One of the best recipes is a compress using birch leaves, which have anti-inflammatory and warming effects. Young leaves are most suitable, because their beneficial properties decrease near autumn. Before applying the compress, a small massage of the affected limb is necessary. Then the leaves are applied to the skin, reinforced with adhesive film and bandage. The compress is left overnight. The duration of treatment is 10 days.

Salt baths have a healing effect. Before the procedure, the crystals are pre-dissolved in hot water. Then the resulting solution is poured into the bath. About 3 kg of salt is needed for the procedure. In addition, you can add a few drops of any essential oil. It is good to take a bath before going to bed, the duration of the bath should not exceed 30 minutes.

A warm oat compress helps a lot. They should be poured with boiling water, insisted and used as intended. It is recommended to do such procedures at night.

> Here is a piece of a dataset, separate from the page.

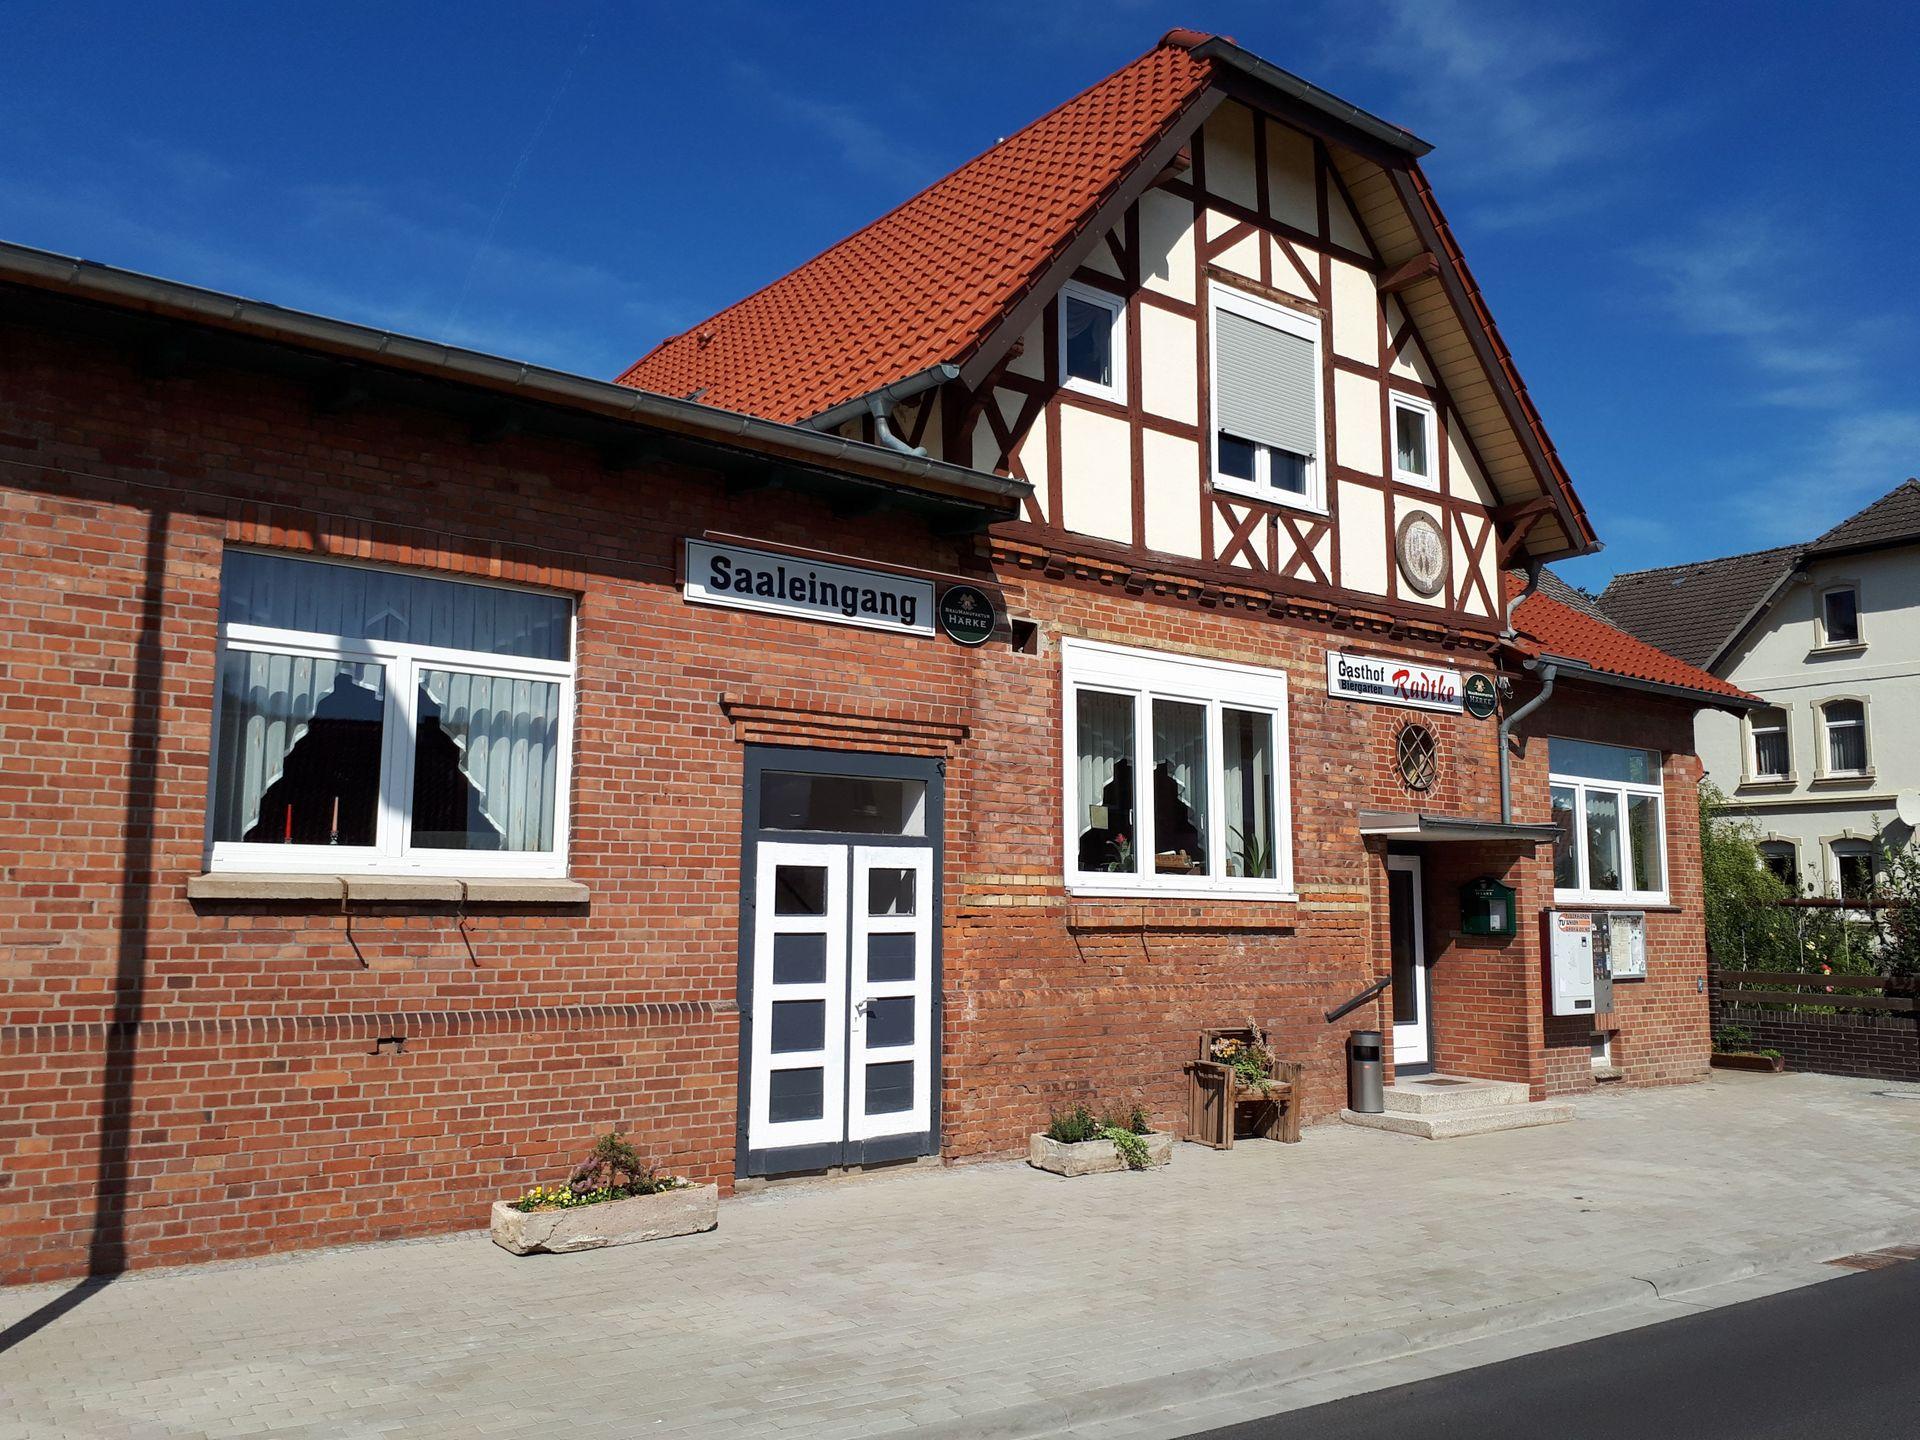 Willkommen! Welcome! Bien venue! | Gasthof Radtke
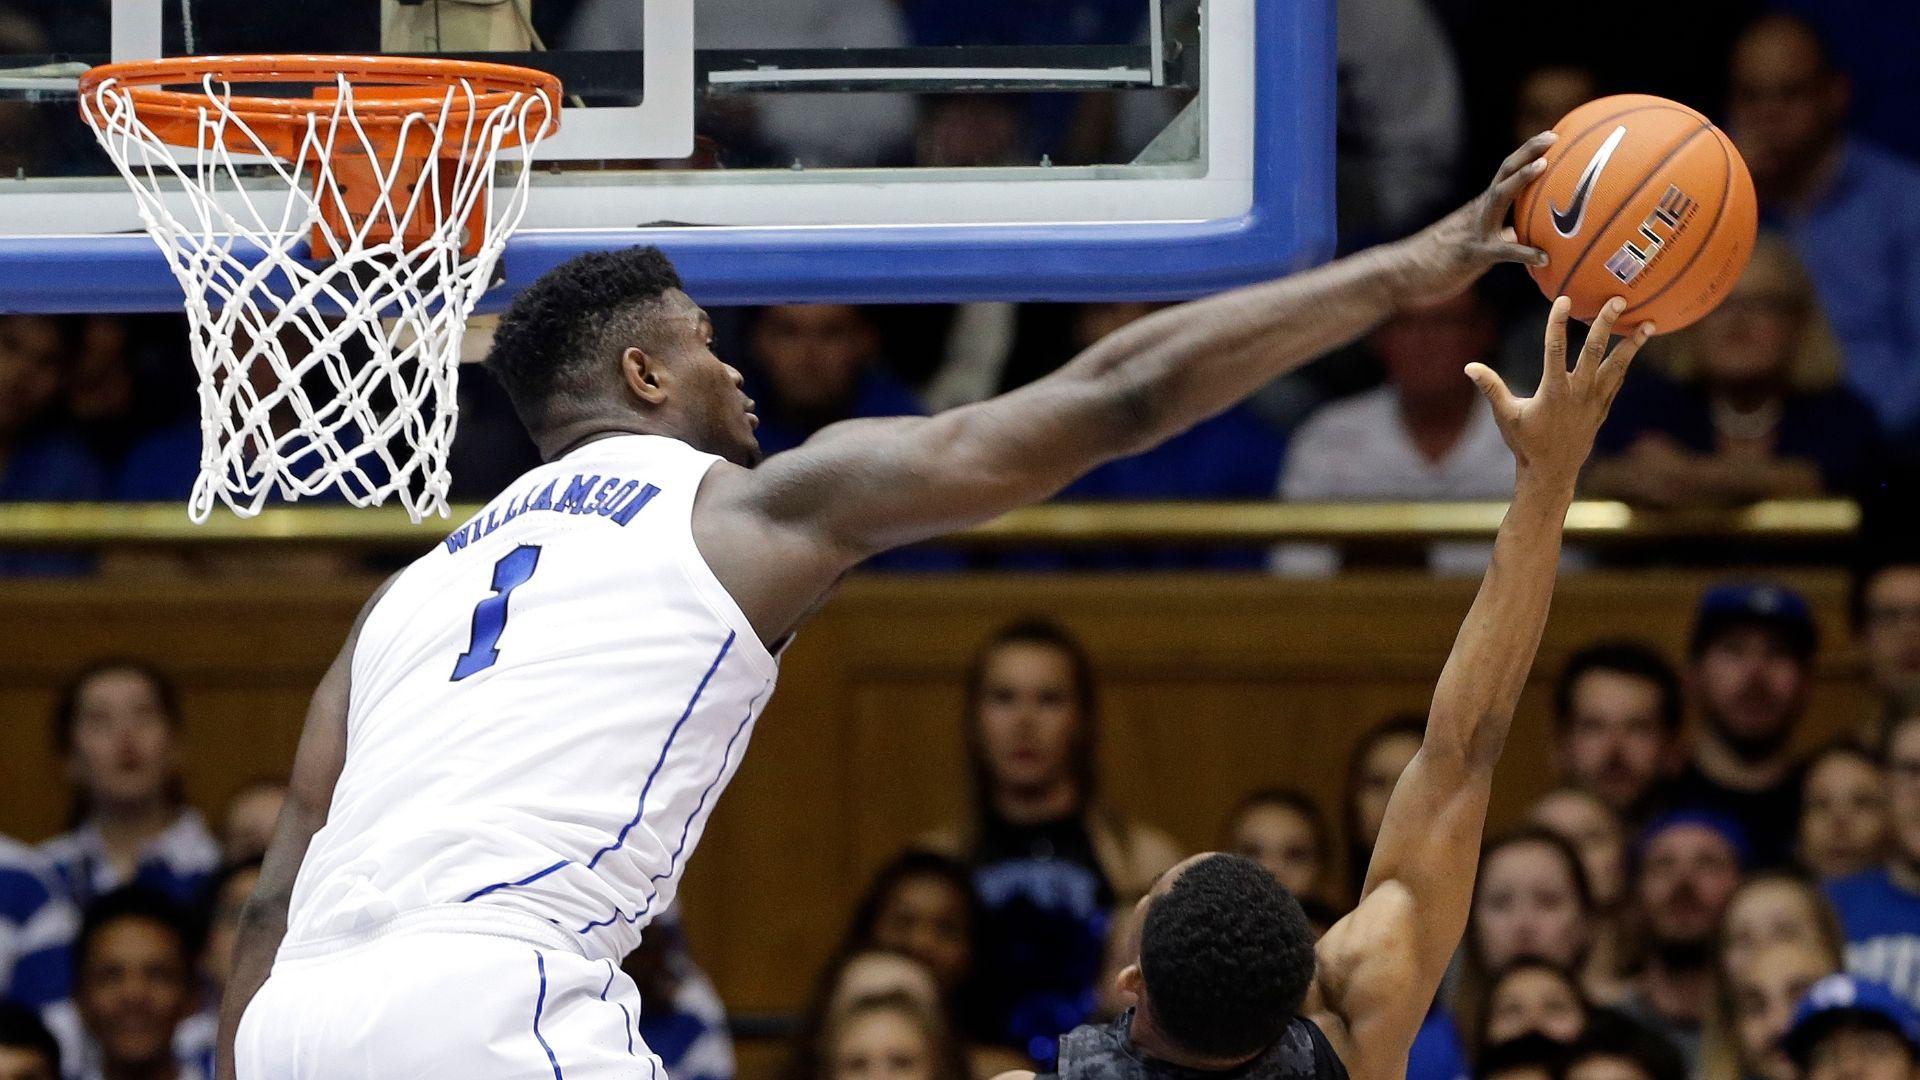 Zion shows off athleticism in Duke win - ESPN Video

Less useful plant hills. Crushed plants with anti-inflammatory effect (yarrow, ginger, turmeric, cinquefoil, calamus) are brewed with boiling water, kept under the lid for 10 minutes and applied to the painful area. After the procedure, the affected shoulder should be smeared with a healing cream and go to bed.

It is recommended to take an infusion of corn stigmas inside. A teaspoon of raw materials or 1 filter bag is brewed with 200 ml of boiling water, insisted for 30 minutes under the lid and 1 tablespoon is consumed. spoon half an hour before meals.

Prevention of osteoarthritis of the shoulder joint

Prevention of the disease can be primary and secondary. Primary prevention includes the following measures:

  • regular exercise - jogging or brisk walking, exercises for the muscles of the shoulder girdle;
  • cold and hot shower;
  • elimination of overloads and prevention of traumatic situations.
  • timely treatment of diseases that can cause shoulder arthrosis;

Secondary prevention focuses on early diagnosis and treatment of arthritis.

The result

Restoring joint functions is a long and difficult process. Treatment of shoulder arthrosis should be aimed at eliminating the symptoms of the disease first. Only complex therapy combining medical and folk methods will bring relief and restore working capacity.